Gestaltungsrechte ermöglichen die einseitige Einwirkung auf ein Schuldverhältnis. 2 Dem Gestaltungsberechtigten wird die Macht verliehen, regelmäßig durch einseitige empfangsbedürftige Willenserklärung den Inhalt des Schuldverhältnisses zu ändern, insbesondere dieses zu beenden. Im BGB AT ist insbesondere an die Anfechtung (§§ 119 ff., 142 I BGB) und an den Eintritt einer auflösenden Bedingung oder eines Endtermins (§§ 158 II, 163 BGB) zu denken. Im Schuldrecht AT sind das Schuldverhältnis beendende Gestaltungsrechte vor allem der Rücktritt, der Widerruf und die Kündigung sowie bzgl. einzelner Forderungen die Aufrechnung. Aus dem Schuldrecht BT ist insbesondere die Minderung (§§ 441, 638 BGB) zu nennen. Das Familienrecht enthält mit der Ehescheidung (§§ 1564 ff. BGB) und der Anfechtung der Vaterschaft (§§ 1599 ff. BGB) zwei Gestaltungsrechte, die aus Gründen der Rechtssicherheit gerichtlich geltend zu machen sind. Die Ausübung von Gestaltungsrechten ist in Anlehnung an § 388 S. 2 BGB allgemein bedingungs- und befristungsfeindlich. Wenn dem Gestaltungsberechtigten schon die Macht eingeräumt wird, einseitig auf das Schuldverhältnis einzuwirken und dieses zu beenden, dann muss er dem Erklärungsgegner insoweit zumindest Klarheit verschaffen.

Einseitige Auflösungsrechte lassen sich danach unterscheiden, ob die Auflösung des Schuldverhältnisses nur für die Zukunft oder auch für die Vergangenheit gelten soll. 3 Nur für die Zukunft wirkt die Kündigung.
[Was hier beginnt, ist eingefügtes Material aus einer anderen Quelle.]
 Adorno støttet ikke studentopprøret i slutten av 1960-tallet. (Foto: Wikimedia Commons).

Auch für die Vergangenheit wirken Rücktritt und Widerruf.

Wirkt das Auflösungsrecht auch für die Vergangenheit, muss der Rückaustausch bereits erbrachter Gegenleistungen geregelt werden. Die diesen Rückaustausch bewirkenden Ansprüche und Gegenansprüche bilden ihrerseits ein Schuldverhältnis, das sog. Rückgewährschuldverhältnis. Für den Rücktritt ist dies in den §§ 346 – 348 BGB geregelt. Man kann deshalb davon sprechen, dass der Rücktritt das ursprüngliche Schuldverhältnis nicht beendet, sondern in ein Rückgewährschuldverhältnis umwandelt. Hiervon zu unterscheiden ist die Anfechtung des Vertrags gemäß §§ 119 ff.: Diese wirkt zwar gemäß § 142 I BGB ebenfalls zurück, verwandelt das Schuldverhältnis aber nicht in ein Rückgewährschuldverhältnis, sondern vernichtet es rückwirkend; der Rückaustausch der schon erbrachten Leistungen erfolgt durch ein gesetzliches Schuldverhältnis, nämlich durch einen Bereicherungsausgleich gemäß §§ 812 ff. BGB.
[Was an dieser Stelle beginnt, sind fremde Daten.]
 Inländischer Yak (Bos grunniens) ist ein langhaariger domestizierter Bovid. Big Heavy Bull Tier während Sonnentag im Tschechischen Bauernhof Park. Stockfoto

Ein Sonderfall der Rückabwicklung ist die Fallgruppe des aufgedrängten Vertrags. 4 Hat eine Partei im Rahmen von Vertragsverhandlungen fahrlässig unrichtige Angaben gemacht oder eine Aufklärungspflicht verletzt, ist sie der anderen Partei aus culpa in contrahendo gemäß §§ 280 I, 311 II, 241 II BGB zum Schadensersatz verpflichtet. Der Schadensersatzanspruch ist gemäß § 249 I BGB auf die Herstellung des Zustandes gerichtet, der ohne das zum Ersatz verpflichtende Ereignis bestünde. Wäre der Vertrag ohne die vorvertragliche Pflichtverletzung nicht zustande gekommen, ist der Schadensersatzanspruch auf Aufhebung des Vertrages gerichtet.
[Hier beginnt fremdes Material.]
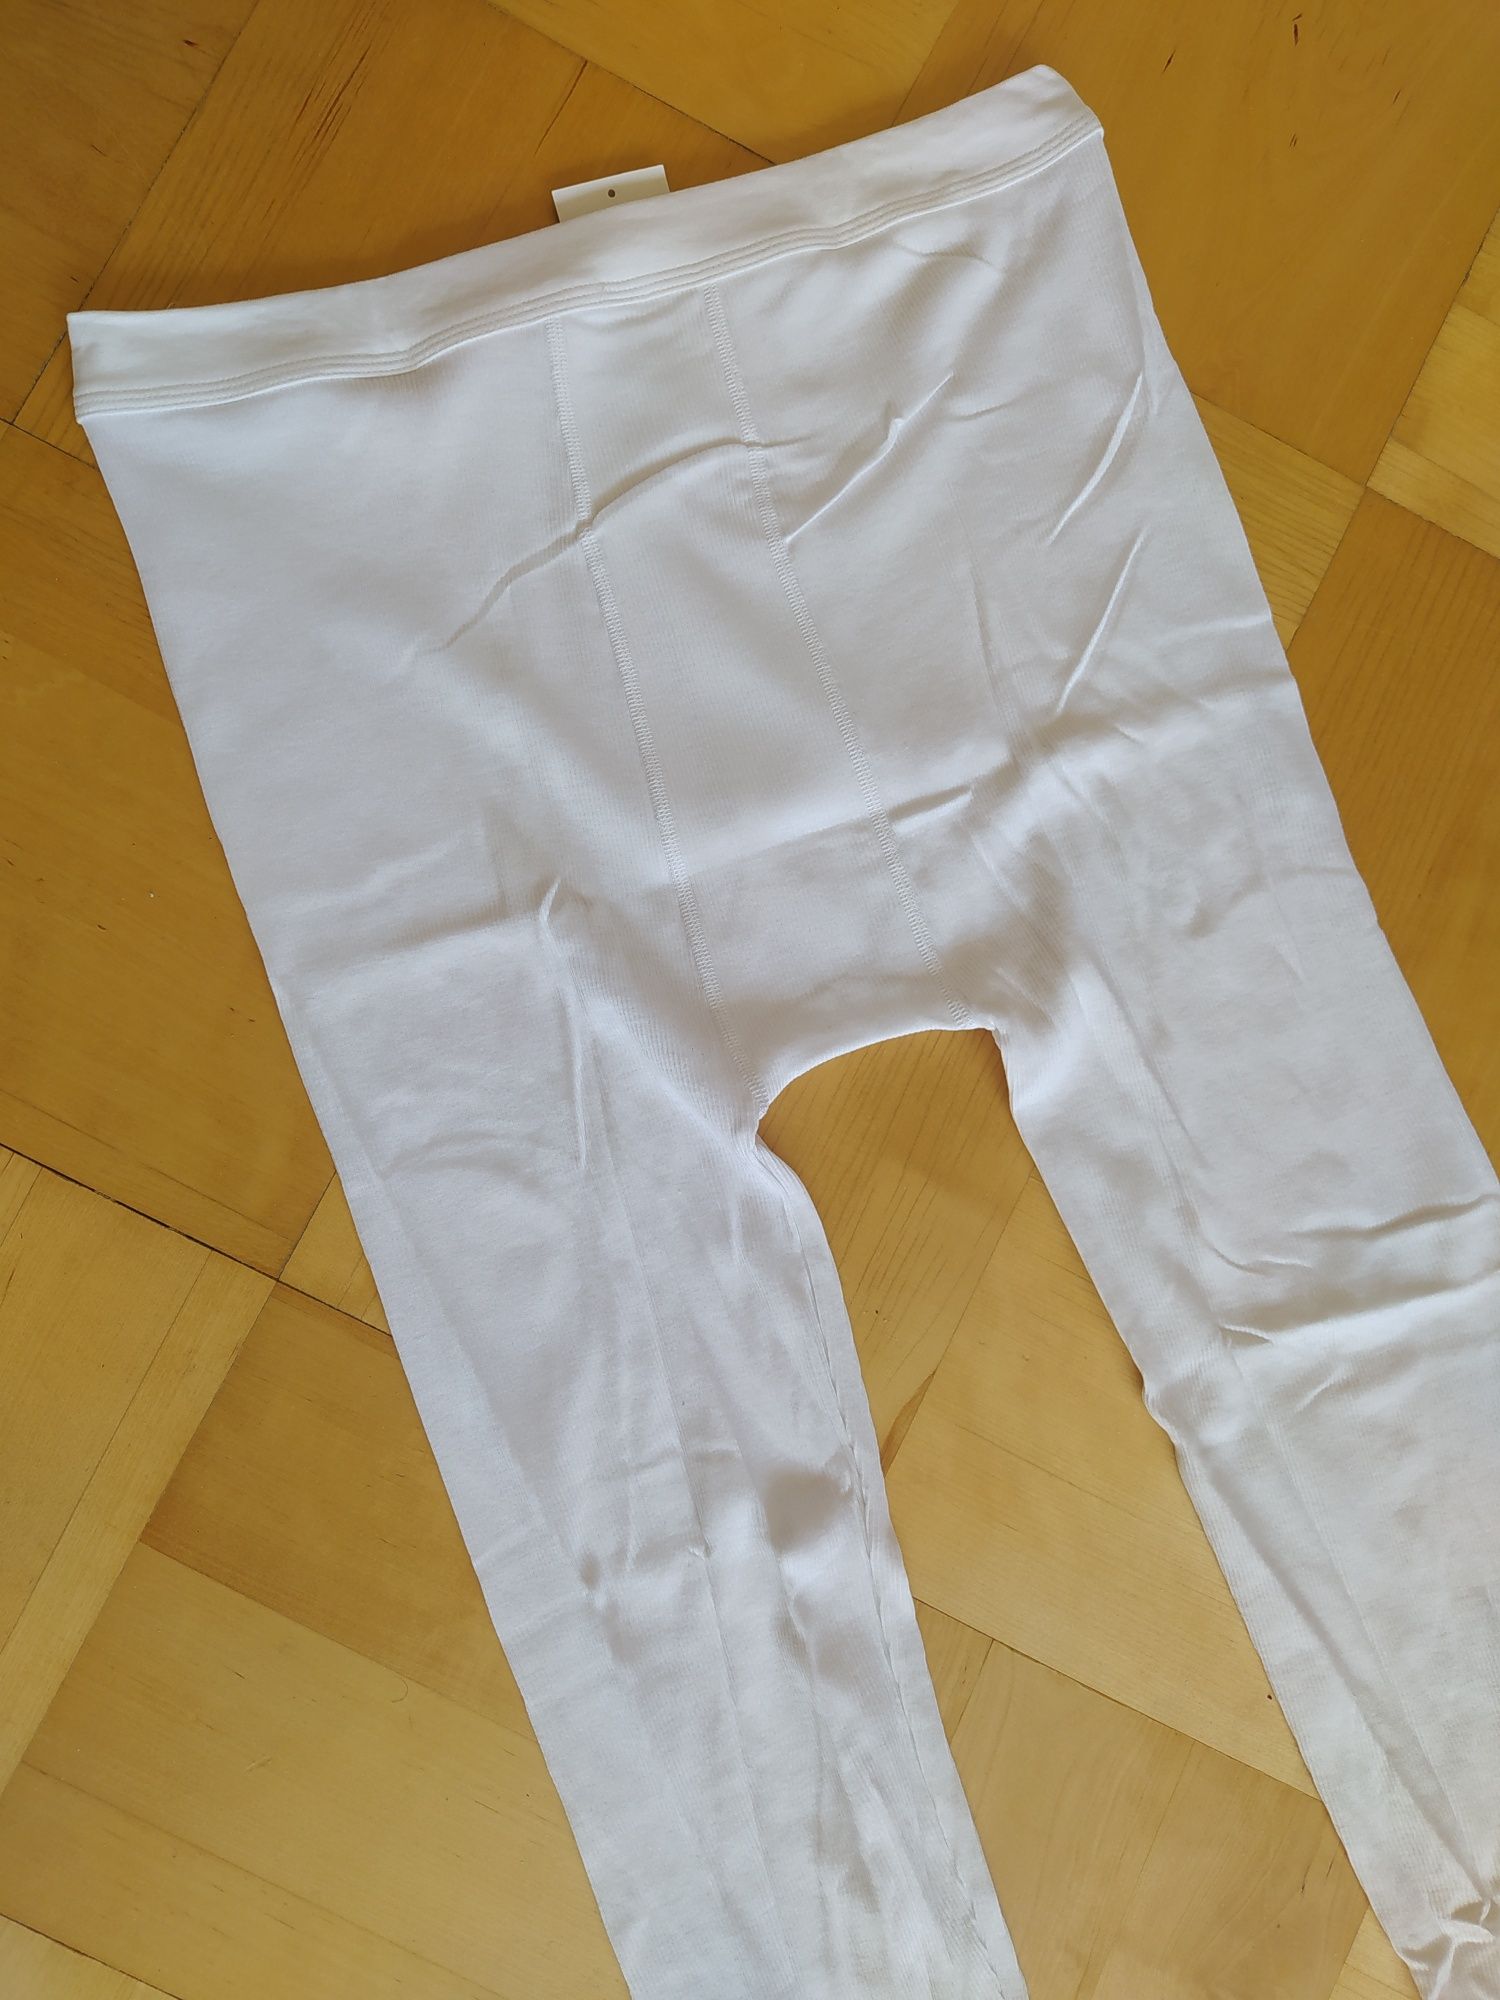 Nowe kalesony XL długie prążkowane białe męskie 100% bawełna

  1. Hier und zum Folgenden: Medicus/Lorenz, Schuldrecht I – AT, 21. Aufl. 2015, Rn. 586.
  2. Hier und zum Folgenden: Medicus/Lorenz, Schuldrecht I – AT, 21. Aufl. 2015, Rn. 58.
  3. Hier und zum Folgenden: Medicus/Lorenz, Schuldrecht I – AT, 21. Aufl. 2015, Rn. 588.
  4. Hier und zum Folgenden: Medicus/Lorenz, Schuldrecht I – AT, 21. Aufl. 2015, Rn. 663.